AT LUNCH THAT DAY in the teachers’ lounge, Catherine finally asked Eric Miller exactly how old he was. It was a spontaneous question, triggered, she guessed, because she had just spoken to Spencer on the phone and heard that he’d thrown up in the cab and had to return home. She felt her husband’s setback acutely, experiencing not merely the disappointment he was enduring at their apartment across town but also the harrowing sense that her own life’s opportunities were continuing to dwindle. To herself (and only to herself) she could admit the truth: She, too, was trapped by her husband’s disability. Yes, she was back at school, and in the days immediately after the shooting she had seriously doubted such a thing would be possible. But there was a far bigger issue in her mind: She certainly had not admitted to Spencer that had he not been crippled by a bullet and nearly died, she would have told him she was dissatisfied with their marriage-with him, to be honest.
“Twenty-nine,” Eric said, after taking a sip from his bottled iced tea.
She nodded.
“Why?” he asked her, and even his eyes seemed to be laughing. He was sitting below the window, and the sun was pouring in on the back of his head and his hair seemed to shine like a freshly buffed pumpkin pine floor. Sometimes she thought his hair was only blond. Today she decided it had splashes of a red-not unlike her own hair-especially in his sideburns and the long, unruly swath of bang he had to keep pushing back off his forehead. This afternoon he looked more like a surfer than an English teacher. He had spent much of the summer on Nantucket, and his skin was the sort of deep tan she herself hadn’t had since she was a child and her mother was still oblivious to sunblock.
“I was just wondering,” she answered. “I didn’t think you’d hit thirty.”
He smiled. “Is that a good thing or a bad thing?”
“Sometimes it’s nice to see a man who still has a little puppylike awkwardness. That hubris that’s really just optimism. Innocence. On the other hand, sometimes it’s also nice to see a man who’s a little more calm.
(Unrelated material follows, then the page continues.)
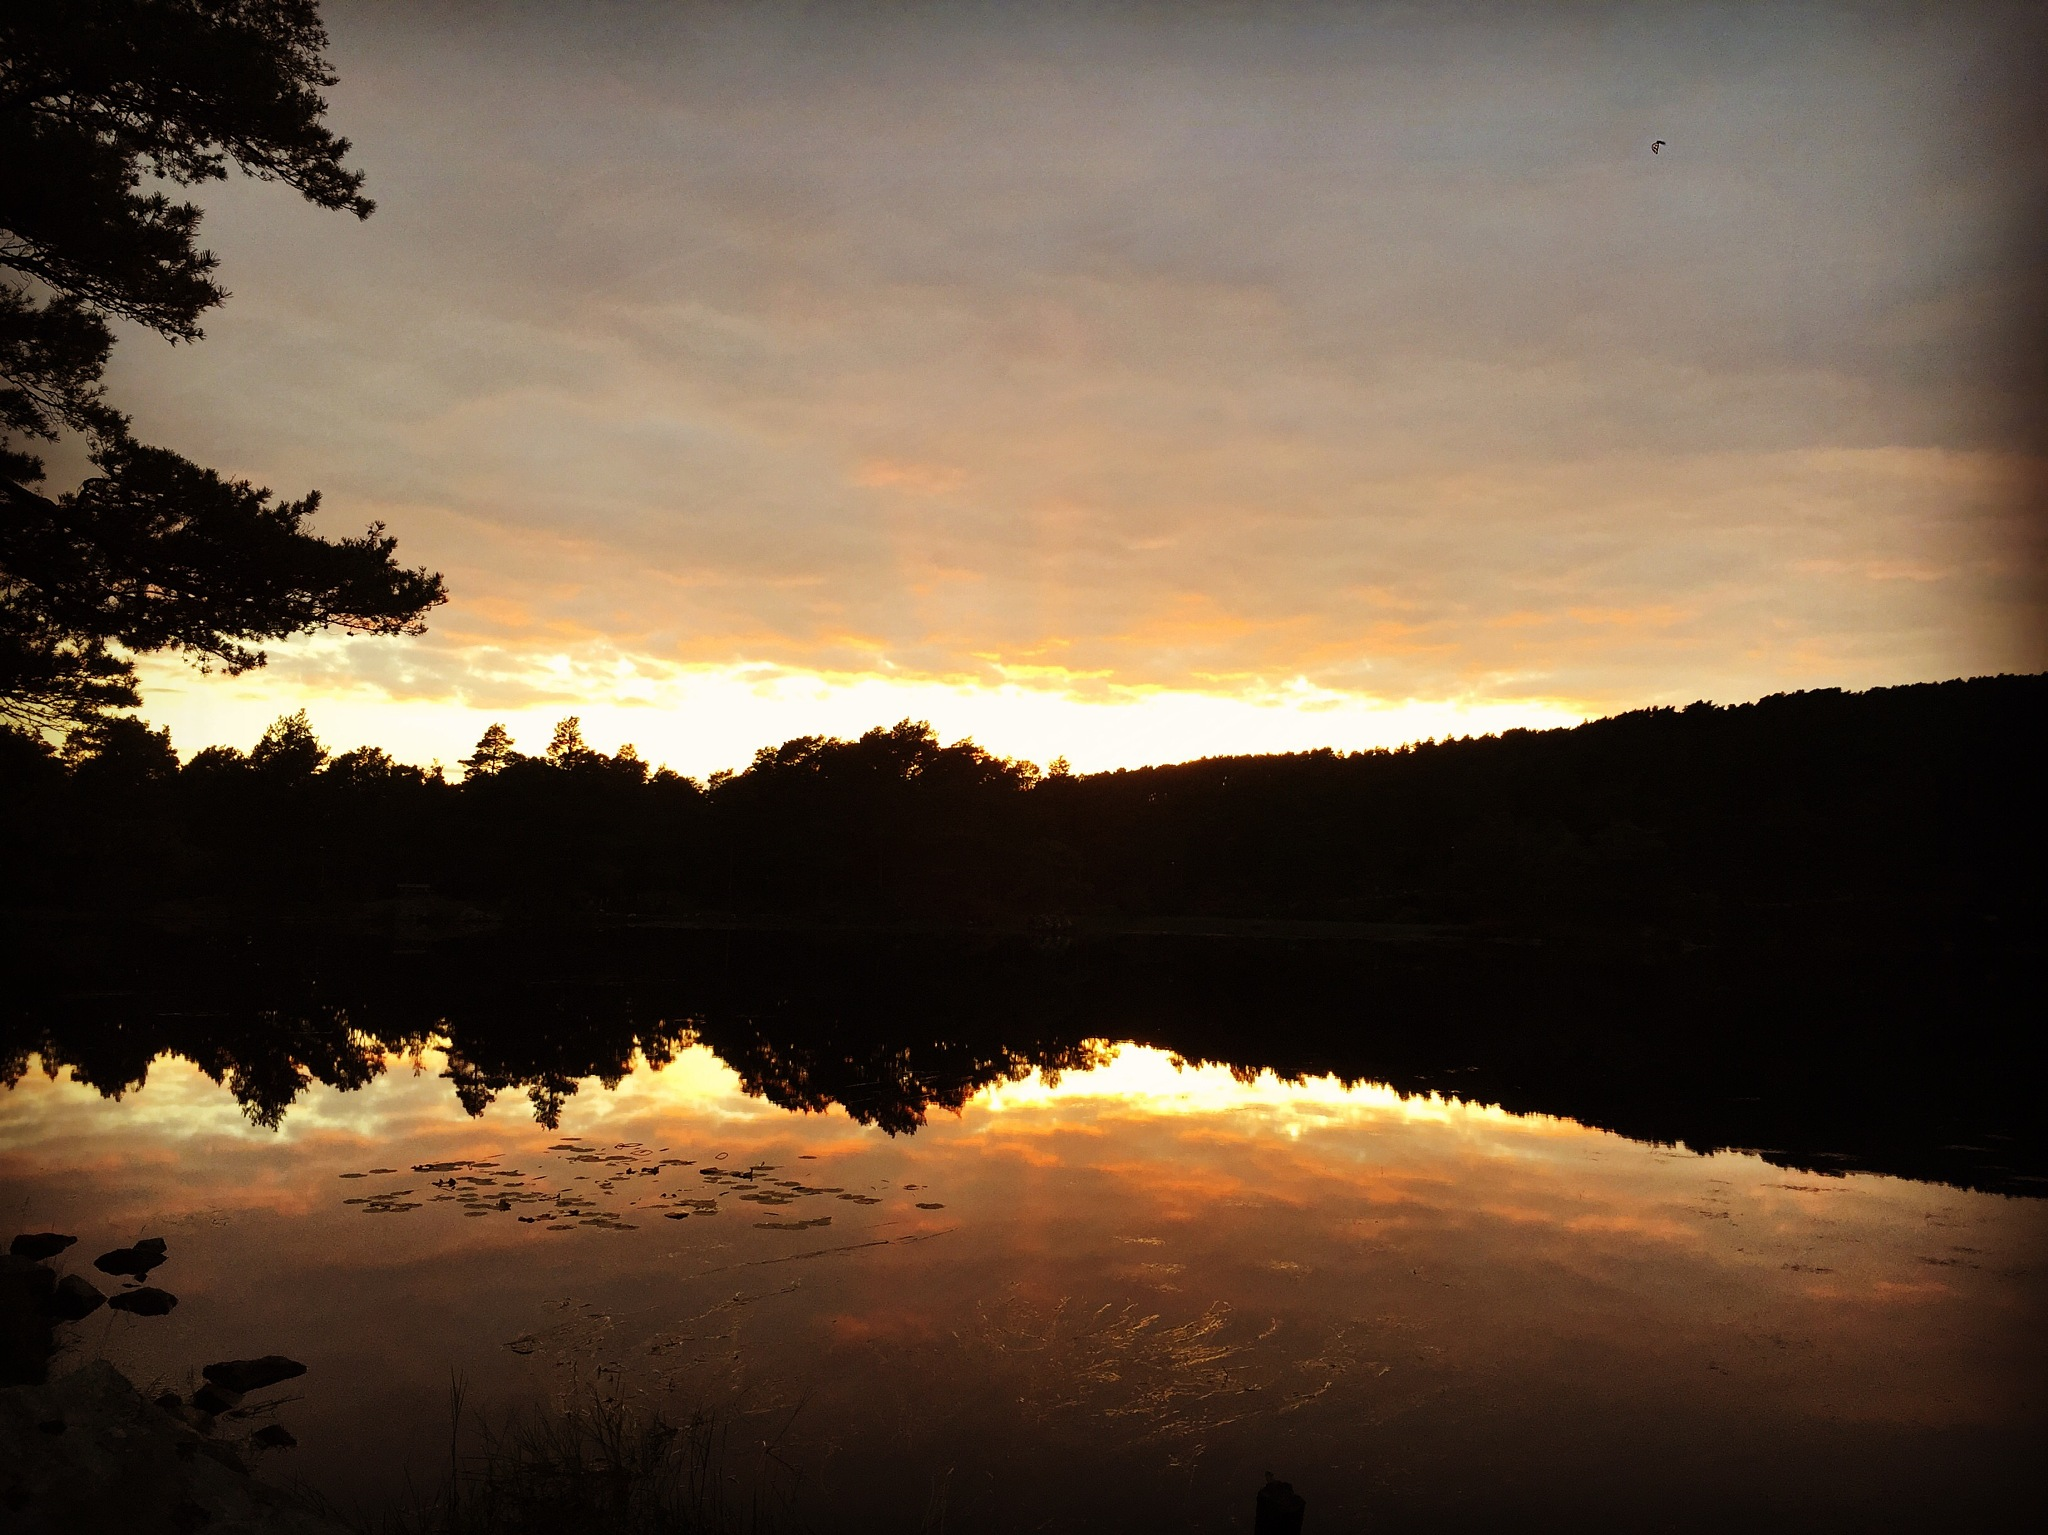 Sunset by Kristin M Rabben

Not wizened-but chastened, perhaps.”
“You didn’t answer my question. Is it good or bad that I haven’t reached thirty?”
“It isn’t either. It was just that I didn’t know.”
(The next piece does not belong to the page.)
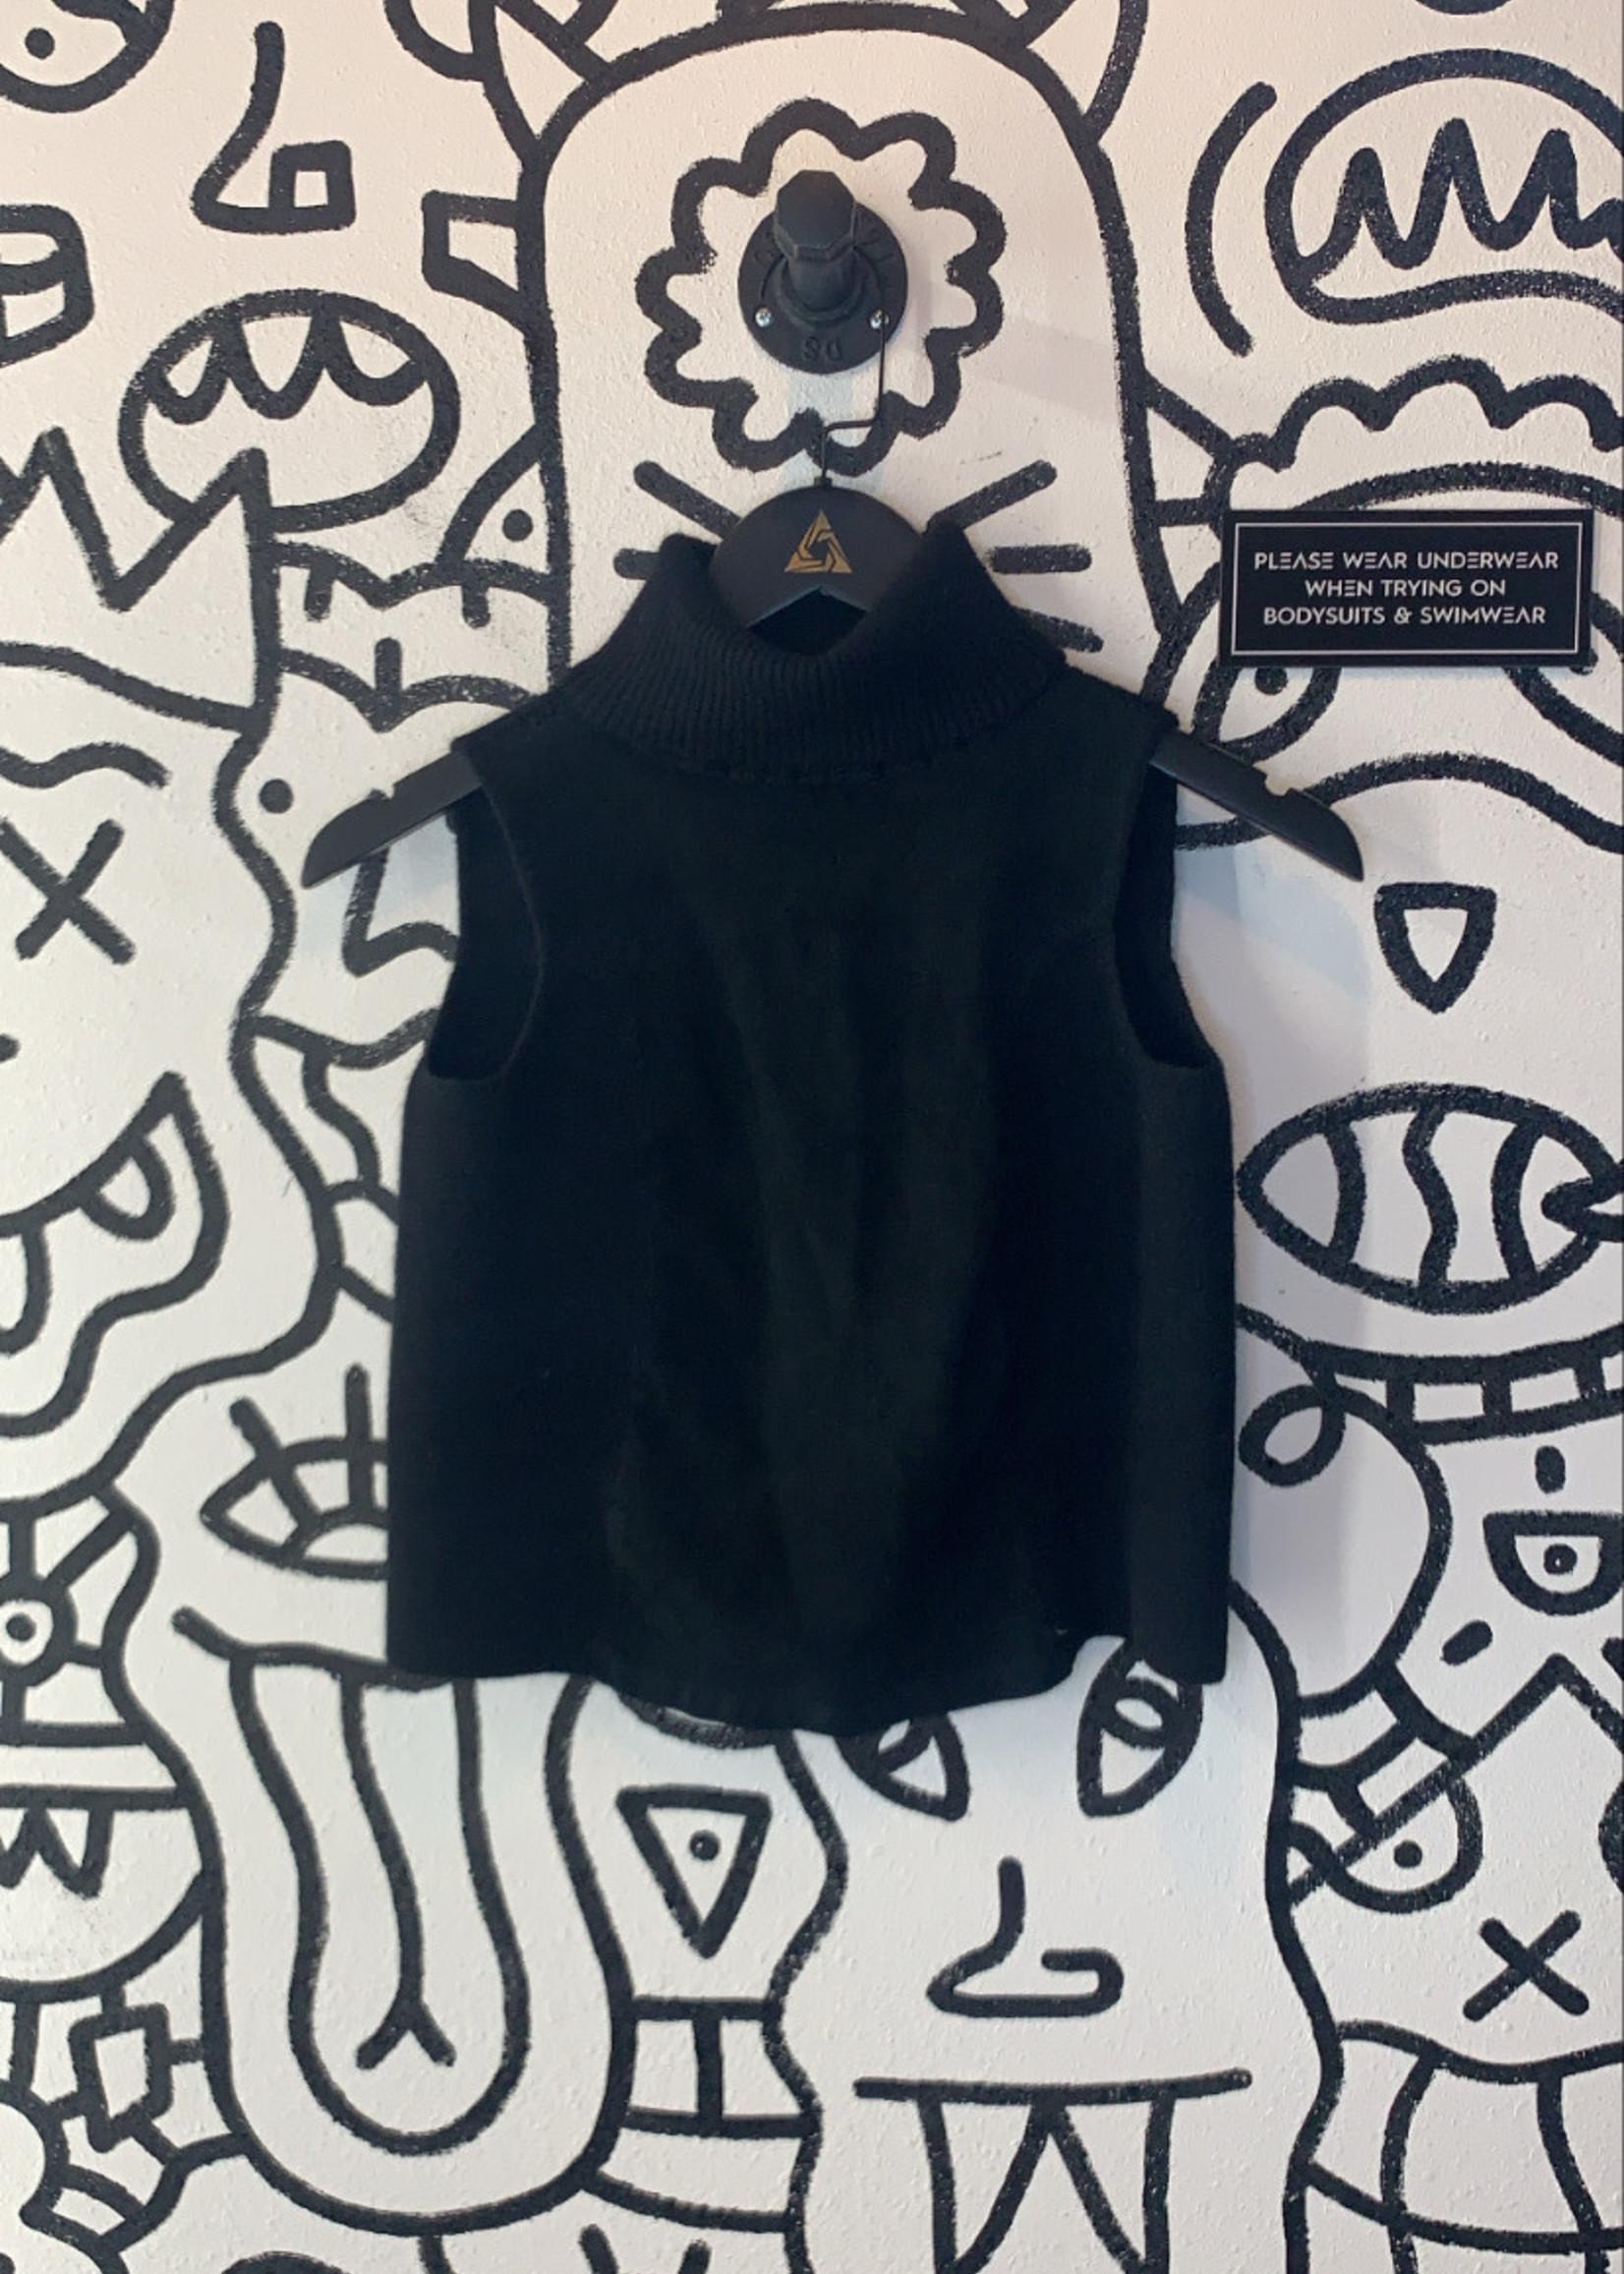 DKNY Knit sleeveless turtleneck S

“Are you suggesting I’m puppylike?”
“Hah!”
“And if I were to ask you your age?”
“I’d tell you.”
“Okay: How old are you?”
“Thirty-eight.”
“No. Really?”
“Don’t try to flatter me. I know how old I look. And we both know that I have a daughter who turned thirteen last month.”
“You don’t look thirty-eight. Honest to God, if I met you in, say, a bar, and didn’t know Charlotte was your daughter, I would peg you for my age.”
“I doubt that.”
“I’m being completely sincere.”
“Any man who even tries to peg a woman’s age in a bar is completely incapable of sincerity.”
“Hey, you were the one who just admitted you were wondering about my age!”
“Because you’re a good teacher and I know you’re younger than I am. I was curious.”
“People get curious in bars, Catherine.”
They were alone at the moment, and suddenly she wanted them to be beyond this conversation about age before another teacher strolled in. As one certainly would. She wished she hadn’t asked him his age now in the first place, because it made her feel disloyal to Spencer. Sometimes she thought the only subject she should talk about was her husband: his disability, his pain, his attempts to regain a semblance of control over his life.
But it was hard. Often she wanted to talk about anything but his injury, especially if she was around people who knew about the way FERAL was going to make the lawsuit a cause célèbre. She never wanted to think about that, much less discuss it. It made her feel at once like a bad mother and a bad sister.
And so with an almost guilty quiver to her voice-guilty both because she hadn’t been speaking of Spencer sooner and because she was speaking of him now largely out of obligation-she brought up her husband. The transition was awkward, clunky. She guessed it was obvious to Eric that she was changing the subject because she didn’t want to flirt with him at the moment.